In my previouse post – Windows Audit Part 4: Tracing file deletions in MS PowerShell – I wrote about the problem I bumped into when searching for events 4660 in the Security log. I was not able to get an answer from MS so I did more testing on my own and would like to share with you my results in the new post.
TEST I) Real file deletion
Suppose you’ve been tasked to find all the files that have been deleted from the folder C:\Audit – here are the steps required to fulfil the task (I’ll delete the test file by myself from C:\Audit to illustrate the process):
According to the Process Name = C:\Windows\explorer.exe we see some file has been deleted locally, the next step is to find out which file has been deleted.
Both events – 4660 and 4663 show the same HandleID (0x2784) so any administrator parsing this log can come to the conclusion that the file TestC2.txt has been deleted from the folder C:\Audit at 3:33:43 AM on 7/22/2015 by the user DOMAIN\Michael.
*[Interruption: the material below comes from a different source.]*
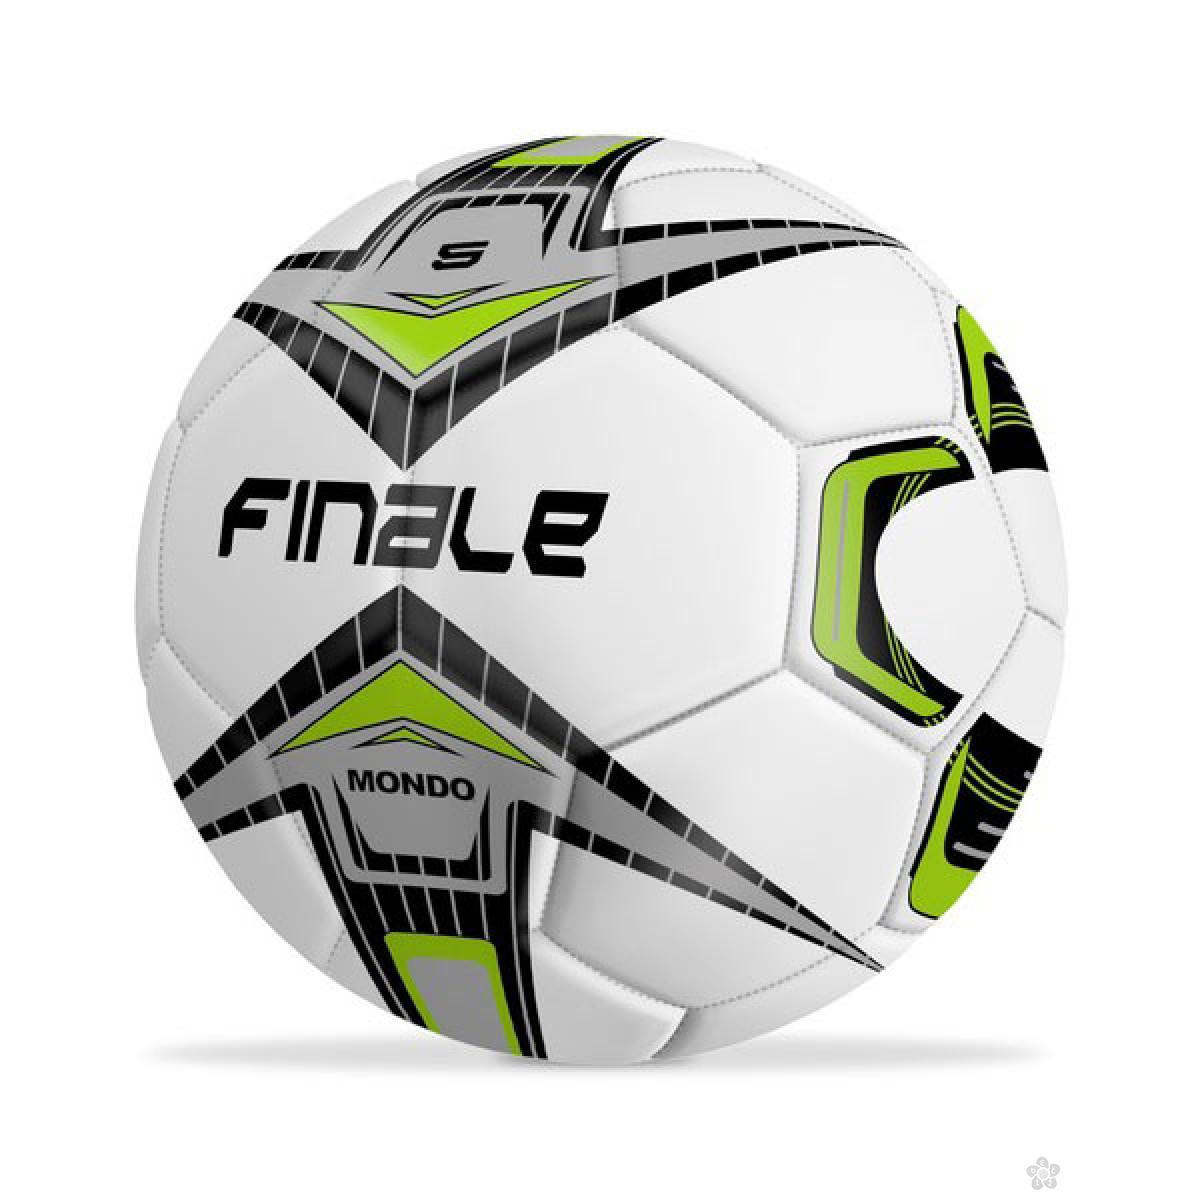 Lopta fudbal finale zelena 13595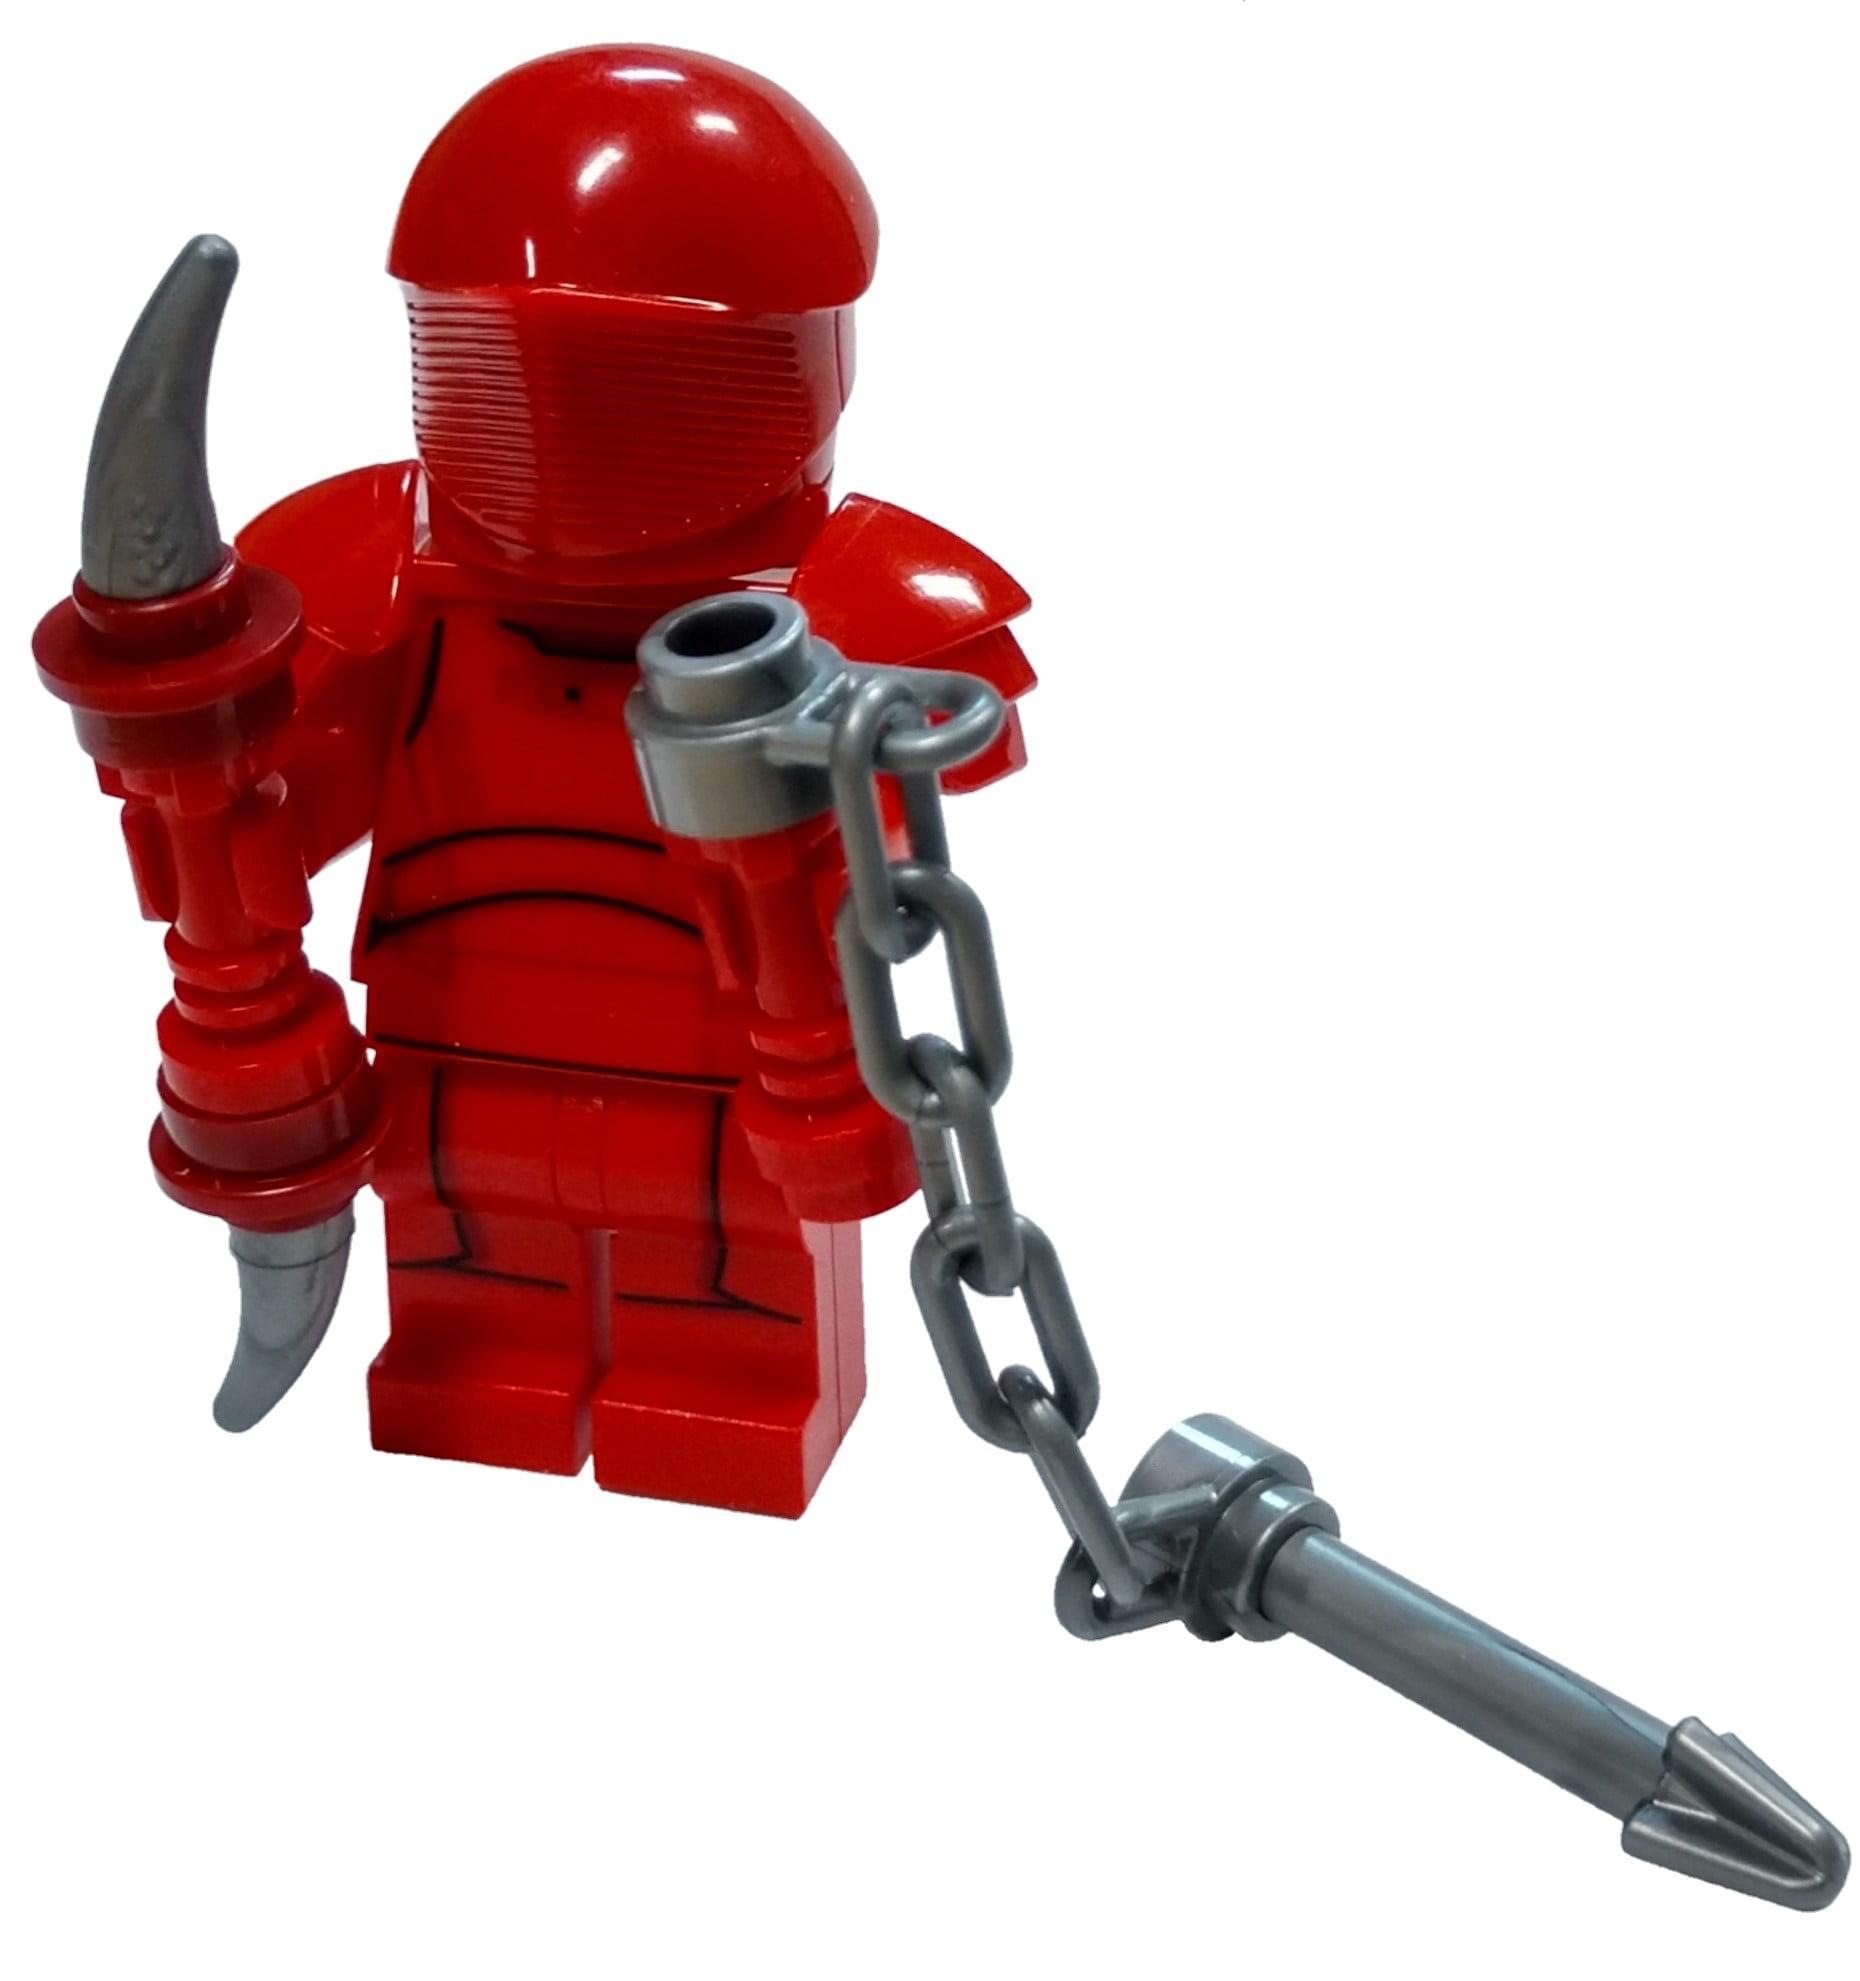 Flat Helmet LEGO  Elite Praetorian Guard Minifigure Star wars

That’s exactly what’s expected.
TEST II) Saving a file – a ‘fake’ file deletion
The task is the same – to find out which files have been deleted – this time I’ll run my test on Windows Server 2016. But this time I will not delete anything:
Here are my steps:
1) I clear the Security log.
2) Several seconds later I save this Security log to C:\Audit.
I don’t expect having any instances of 4660 event since I havn’t deleted any files…
So the question: what reason(s) would make a person parsing this Security log NOT to think that SERVER2016\Administrator has deleted the C:\Audit\Log2016.evtx at 2:14:03 AM on 7/27/2015? Presumably the only way to differentiate the ‘real’ deletions from the ‘fake’ ones is to look at the Process Name field: any setting other than C:\Windows\explorer.exe for local deletions and ” (blank) for network deletions means a file probably has not been deleted.
In any case generating event 4660 in the Security log after any file saving operation contradicts the defenition of the 4660 event:As we have seen event 4660 can be logged when NO objects were deleted.
Counting 4660 events cannot be the answer to the question “How many files have been deleted?” – administrators should (supposedly!) rule out the events showing Process Name field other than “C:\Windows\explorer.exe” or blank.